**RECORD EXTRACTS**
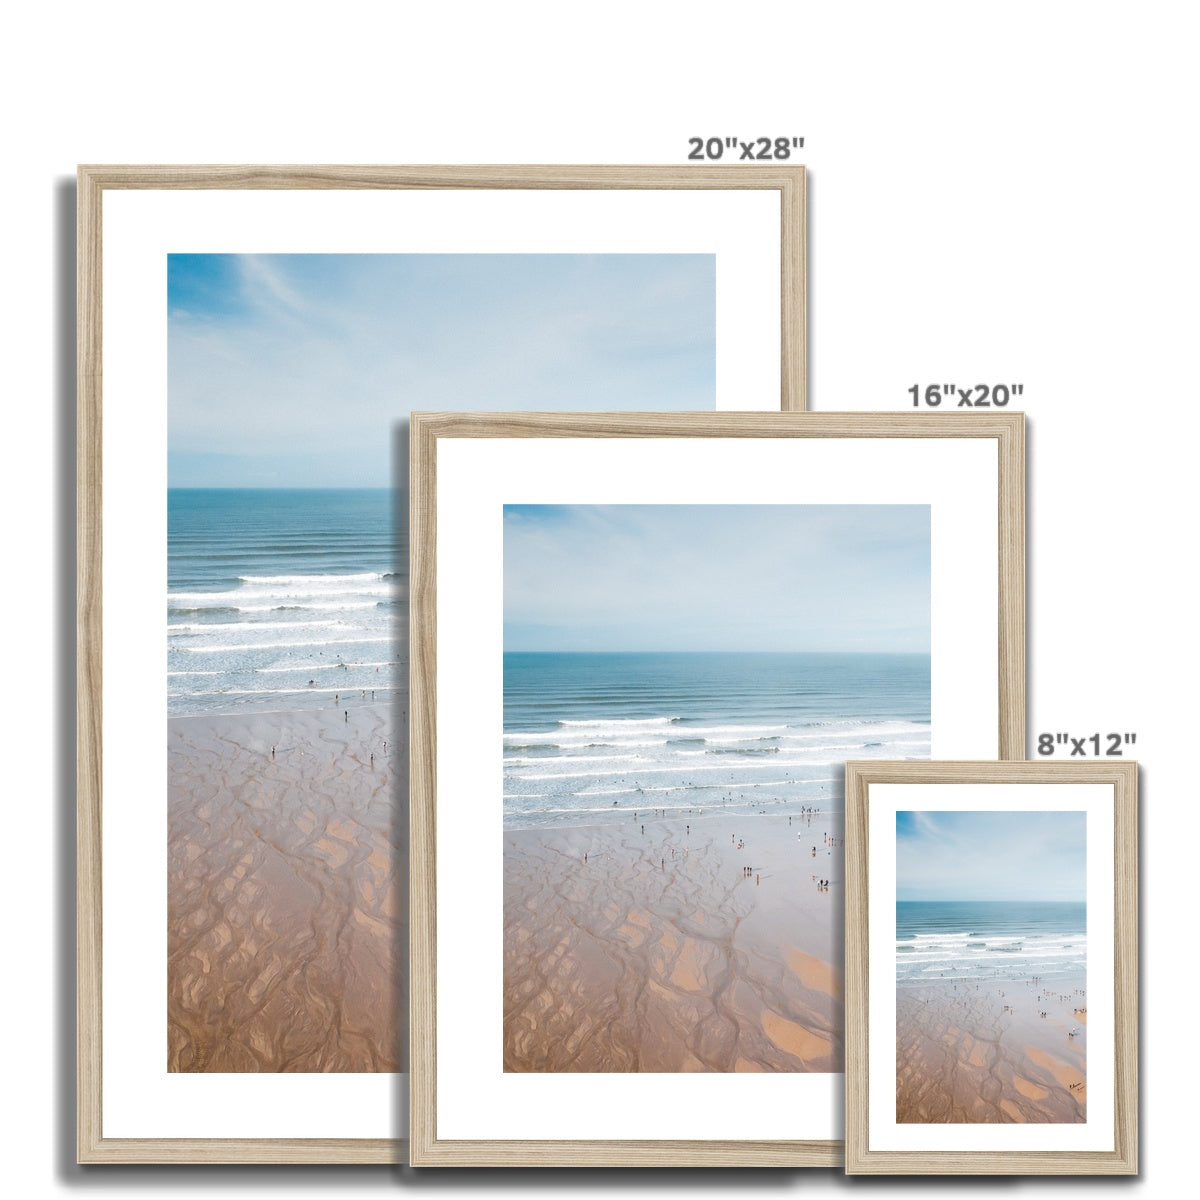 polzeath beach framed photograph
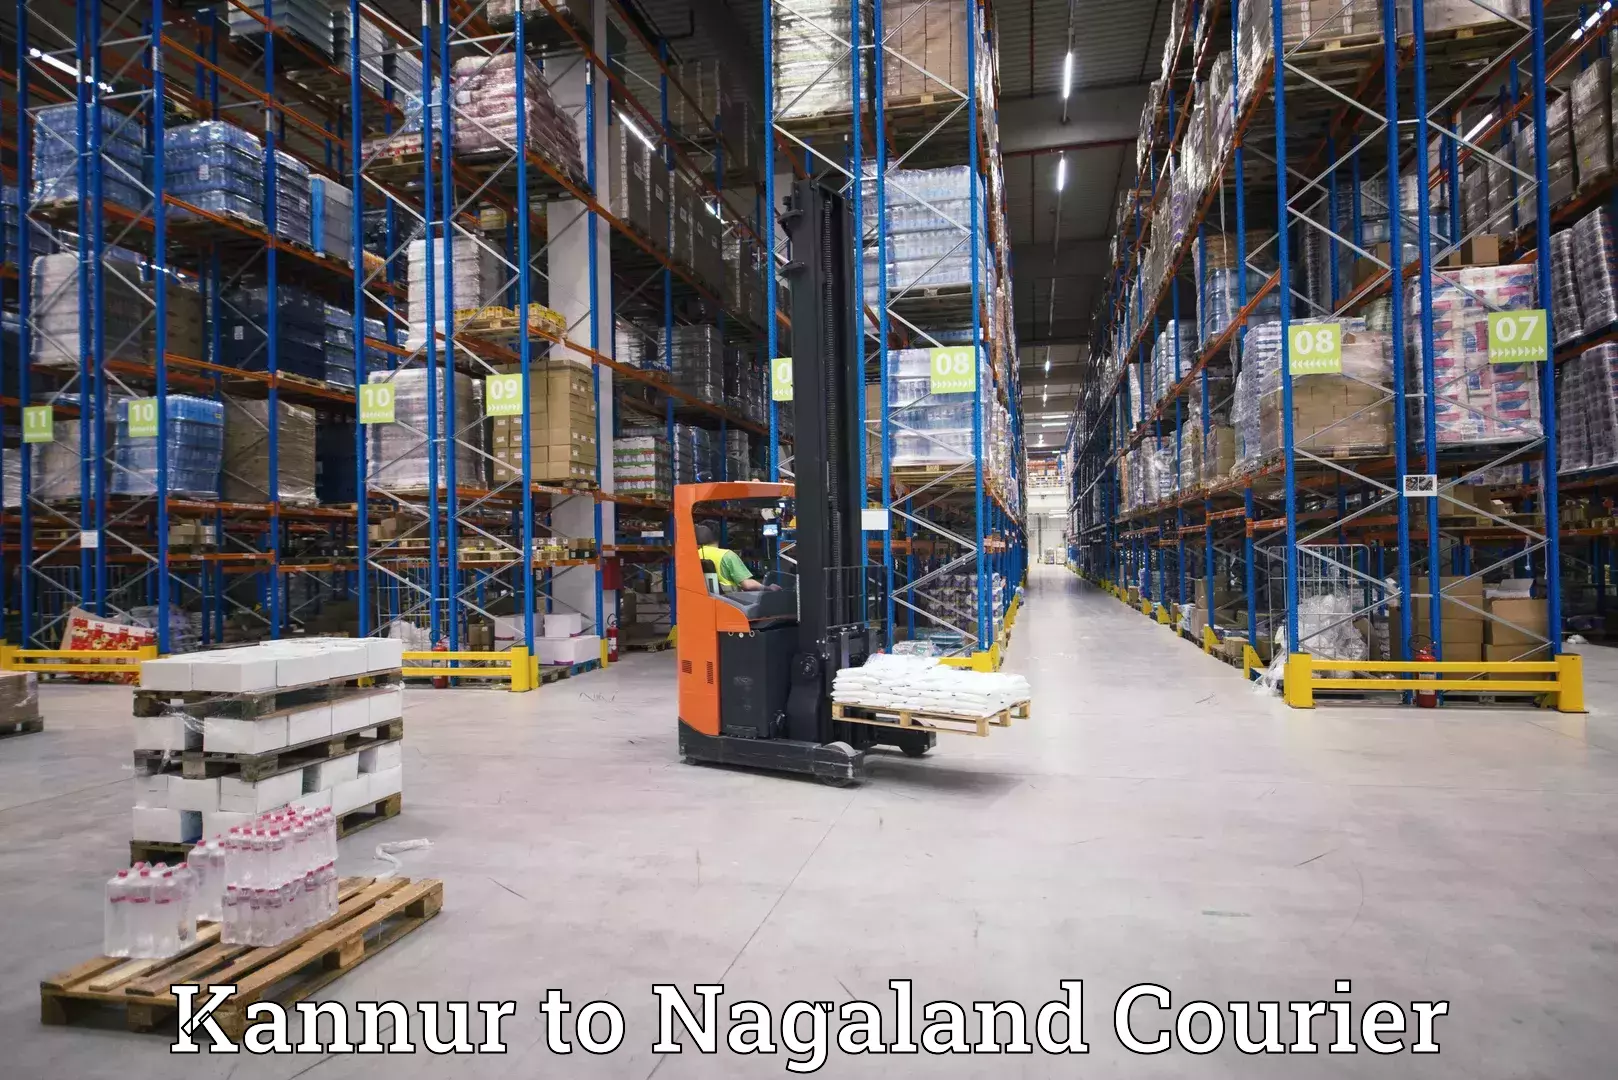 Courier service comparison Kannur to Dimapur
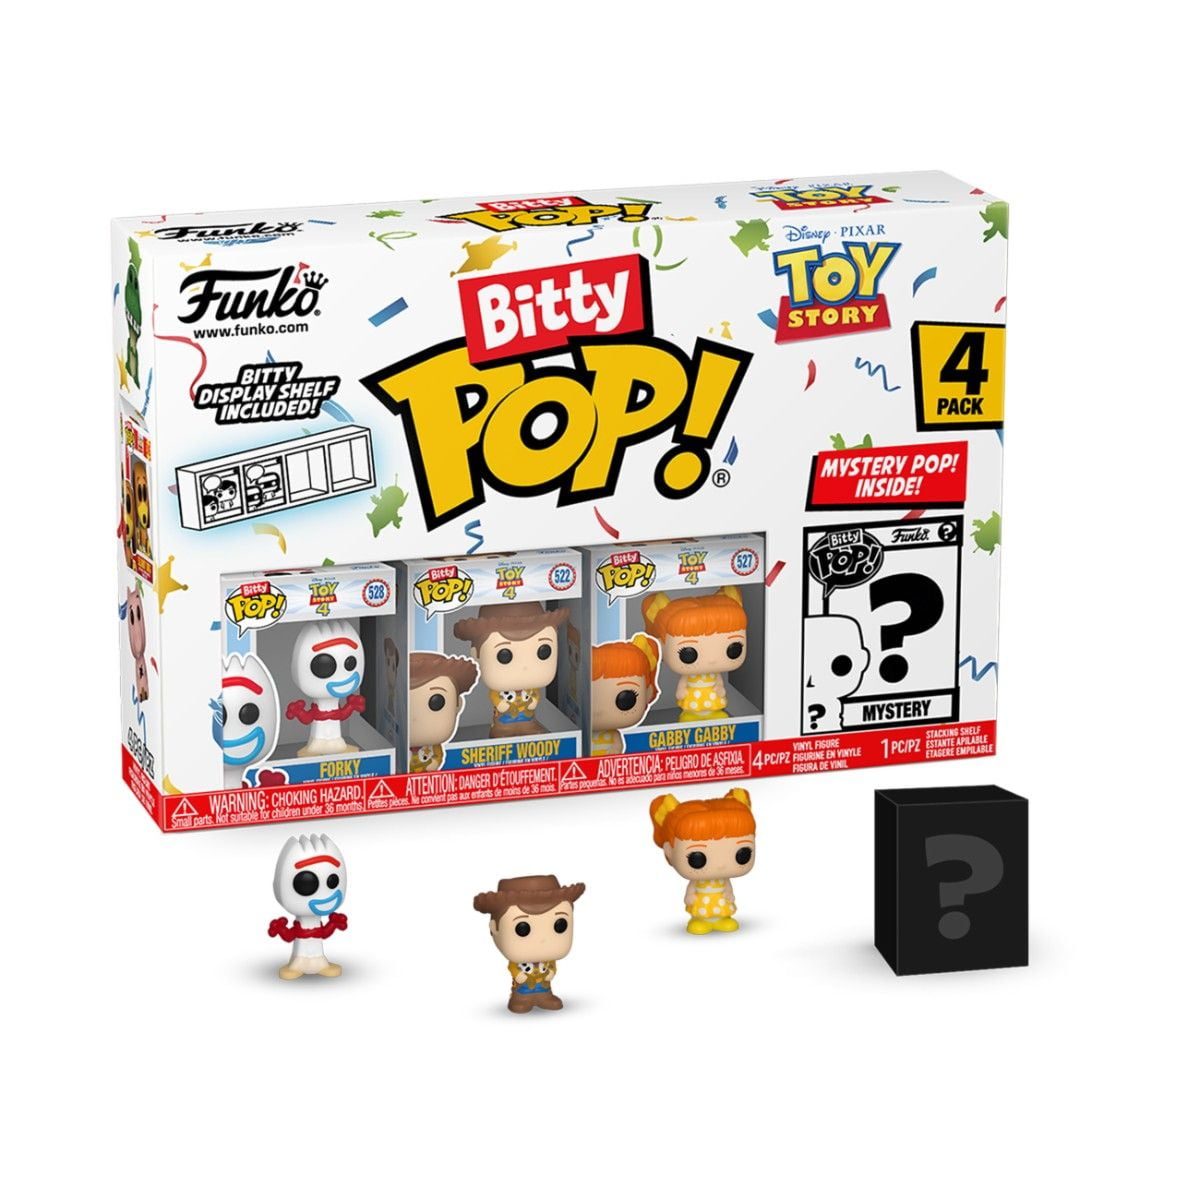 Toy Story - Forky 4PK Bitty POP!
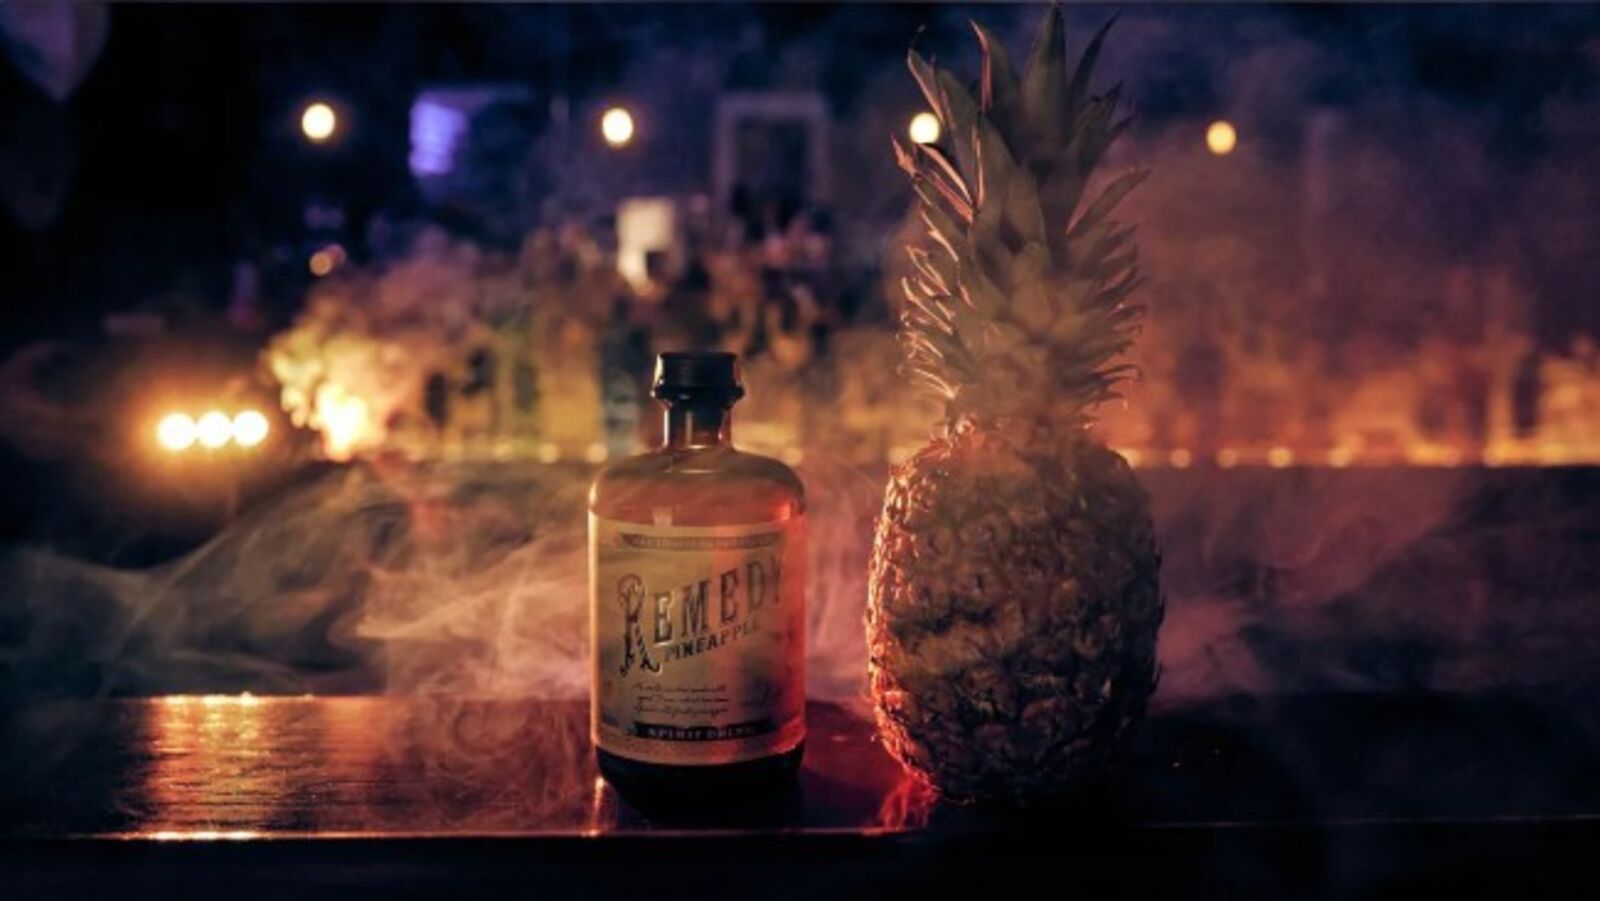   Neues aus Farrington's Apotheke: der Remedy Pineapple
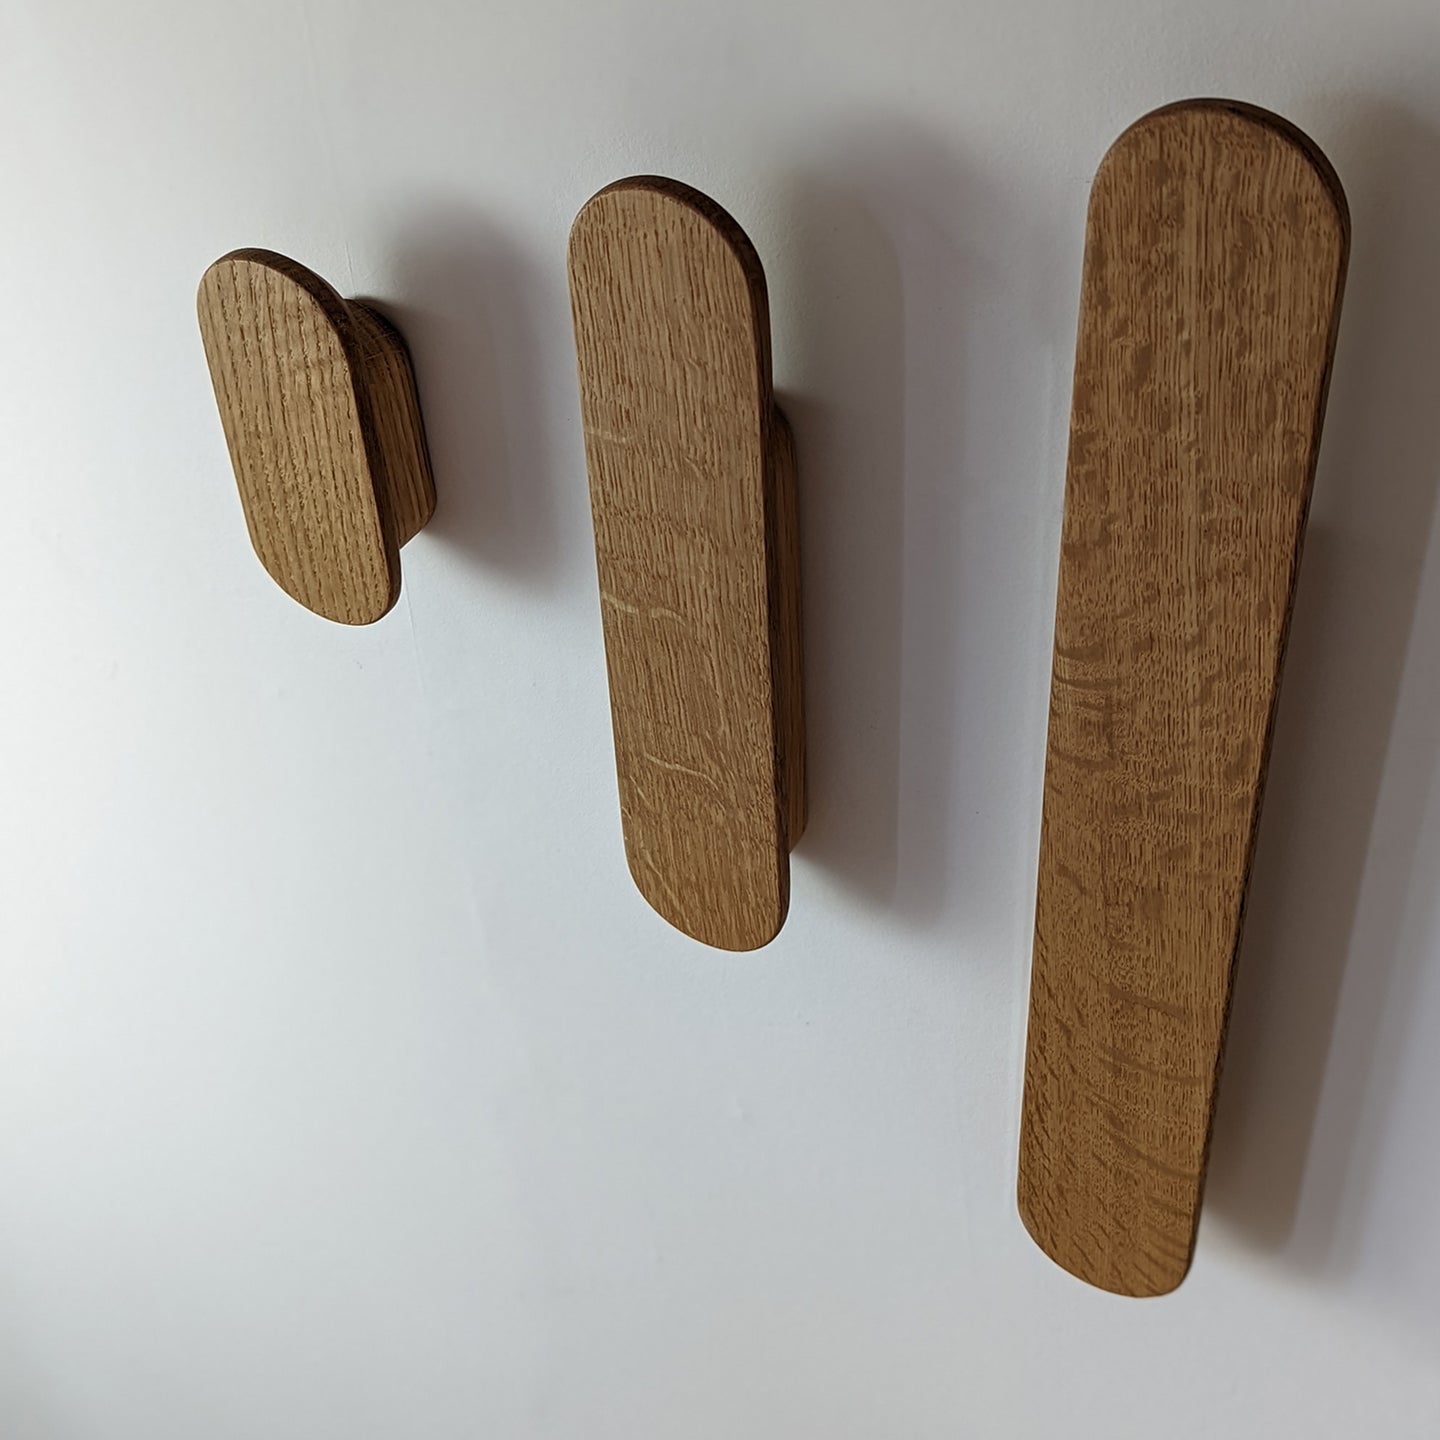 Wood Wall Hooks & Shelves
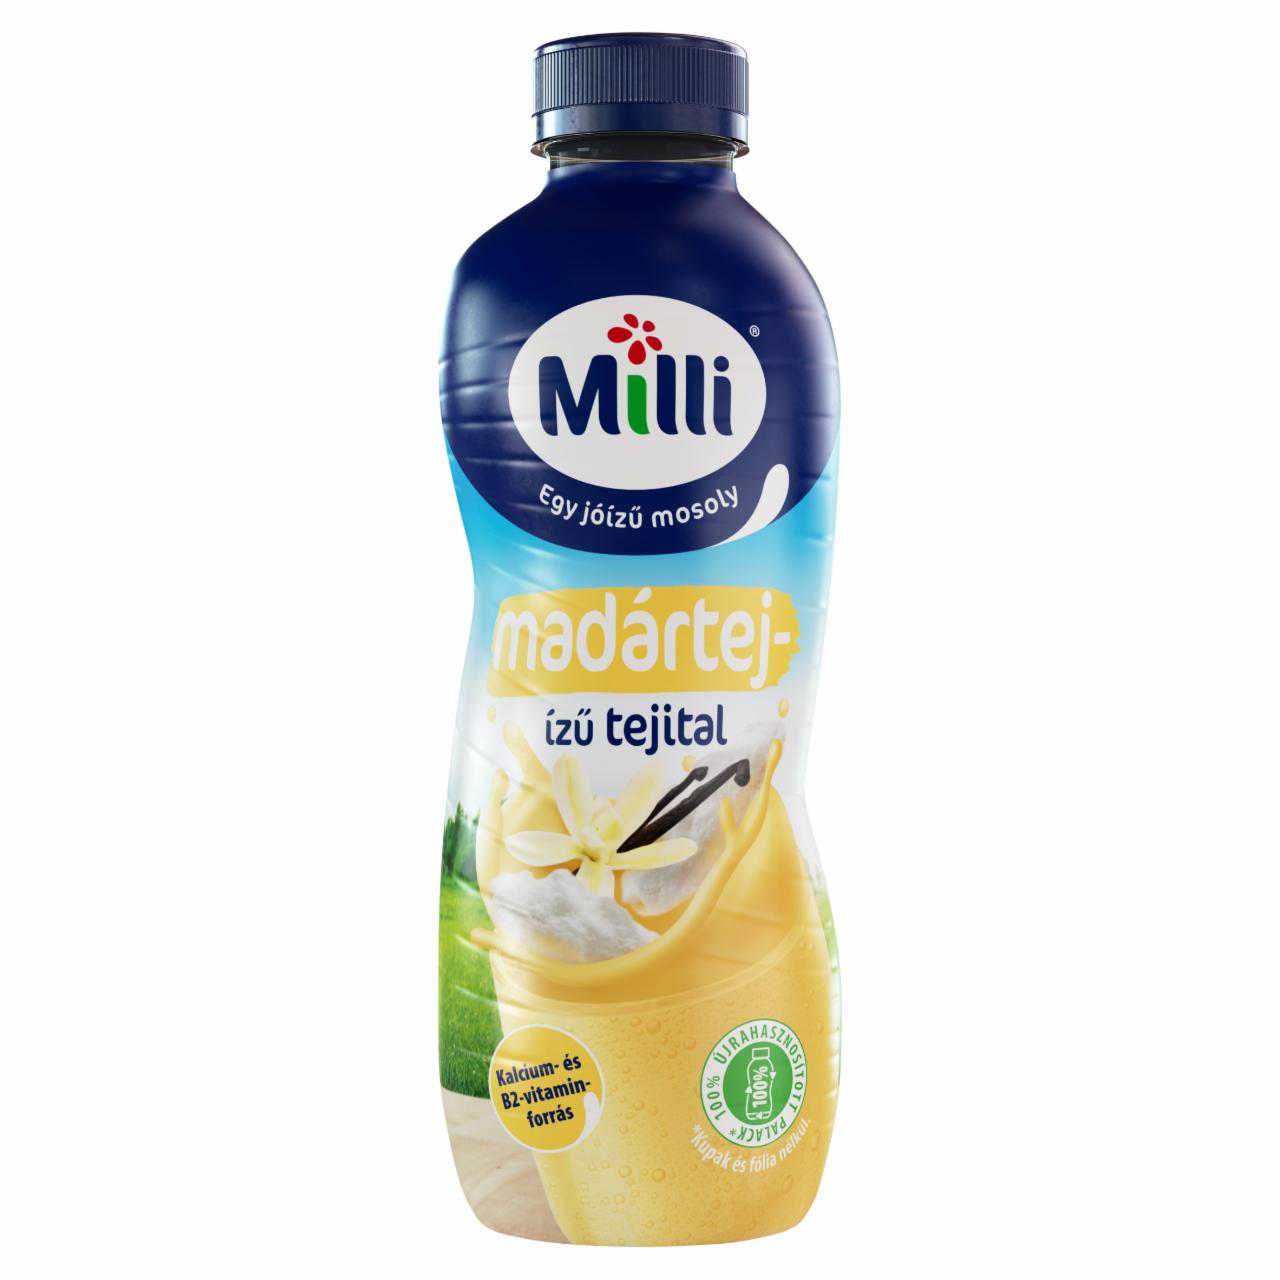 Képek - Milli UHT zsírszegény madártejízű tejital 400 ml

**EXERCISE REQUIREMENTS**
Exact copies of all the entries are needed; output them without the pictures.

**RESPONSE**
 polzeath beach framed photograph
 Courier service comparison Kannur to Dimapur
 Toy Story - Forky 4PK Bitty POP!
   Neues aus Farrington's Apotheke: der Remedy Pineapple
 Wood Wall Hooks & Shelves
 Képek - Milli UHT zsírszegény madártejízű tejital 400 ml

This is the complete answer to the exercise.